The normative lifespan, in accordance with the classics, can be taken as 70—so anyone aged 65 or over is in preparation for death.


It’s why you should be cautious about the attention you pay to old men, because what they say about the world often reflects their own preparations for death.


Evola is a useful example—in his autobiography The Path of Cinnabar he talks about how there is nothing to be done. There might be a few solitary monks or ascetics who maintain contact with the higher states of being, but, overall, the situation is hopeless.


All you can do is make a solitary retreat, engage in quietism, and wait for this age to end—if it ends in your lifetime, although it may have millennia left to run (and even I think it has 250 years to run—so longer than anyone alive at the moment).


But I think Evola’s attitude stemmed from the fact that the political project he adhered to, Italian Fascism, failed. And so, at his life’s end, he came to the view that nothing was worthwhile—everything was bound to fail.


I think whether or not an older man takes this view depends on how much success they’ve had in life—if their projects have come to fruition then they will retain an optimistic disposition late into life. If they’ve faced failure, then that will make their whole worldview dour.
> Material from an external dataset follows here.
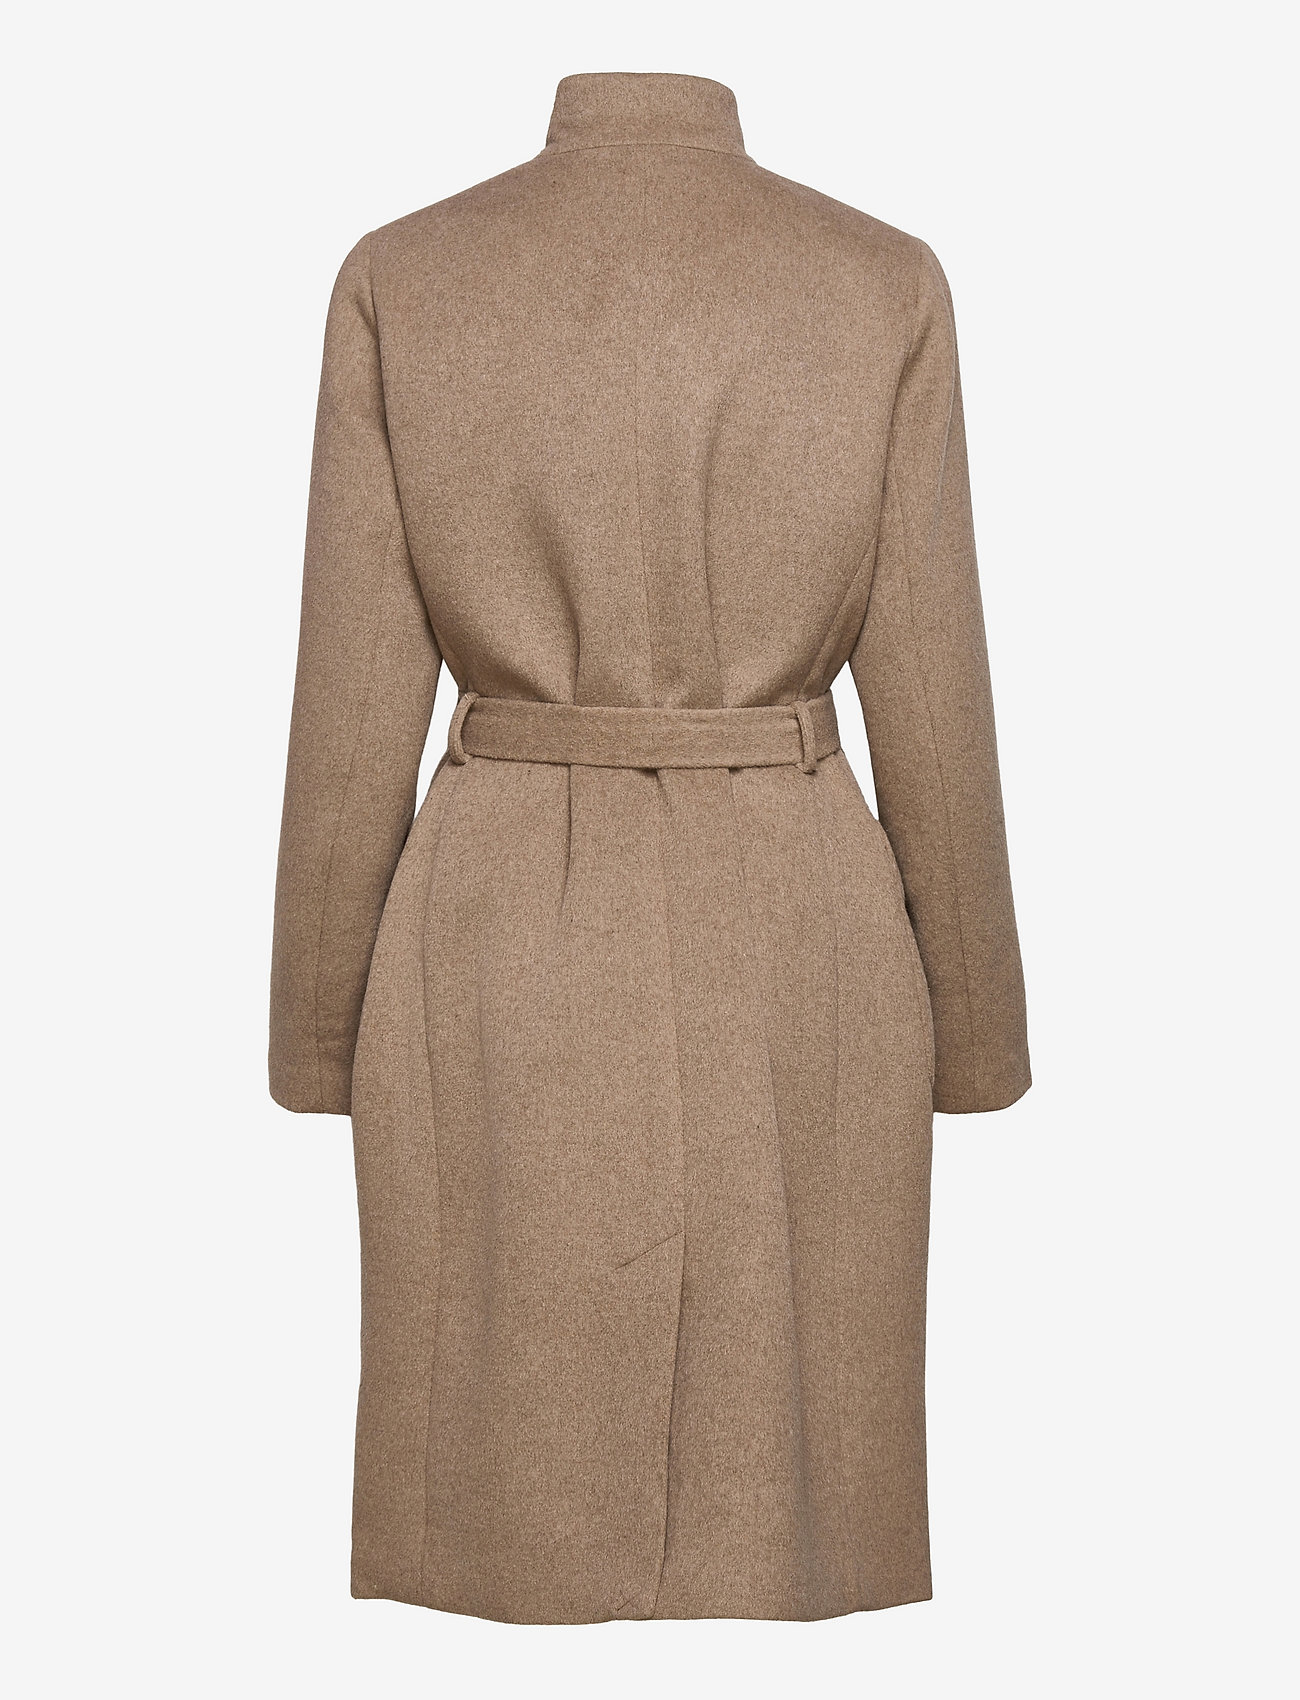 Bruuns Bazaar - KatarinaBBBPerle coat - talvemantlid - roasted grey khaki - 1

It leads them to lose objectivity—to see everything as bound to fail.


And I think that happened to Evola—he lost an objective standpoint.


After all, on his estimation, the cycles of the ages last millennia—the whole decline of the world takes place over millions of years.


What are people expected to do in the interim? Just retreat from the world?


And yet states and people can be governed more or less well, more or less in accord with higher principles—more or less orientated towards what is higher or not.


Can you really just recommend permanent abnegation from everything?


This position is irresponsible—it means to resign from any attempt to govern the world, to let it drift to whatever fate awaits it.


If there is a cycle of the ages and we let it drift for millennia then what is the point, especially if there is another realm to which we are accountable? Why resist at any point? By Evola’s estimation, millions of years into this decline, then Italian Fascism was as pointless as any action today—since the difference between 1922 and today is as good as nothing if your criteria is millions of years.


Hence Evola suffered from “the fatality of old men”—and that’s why you should be cautious when you listen to what old men say.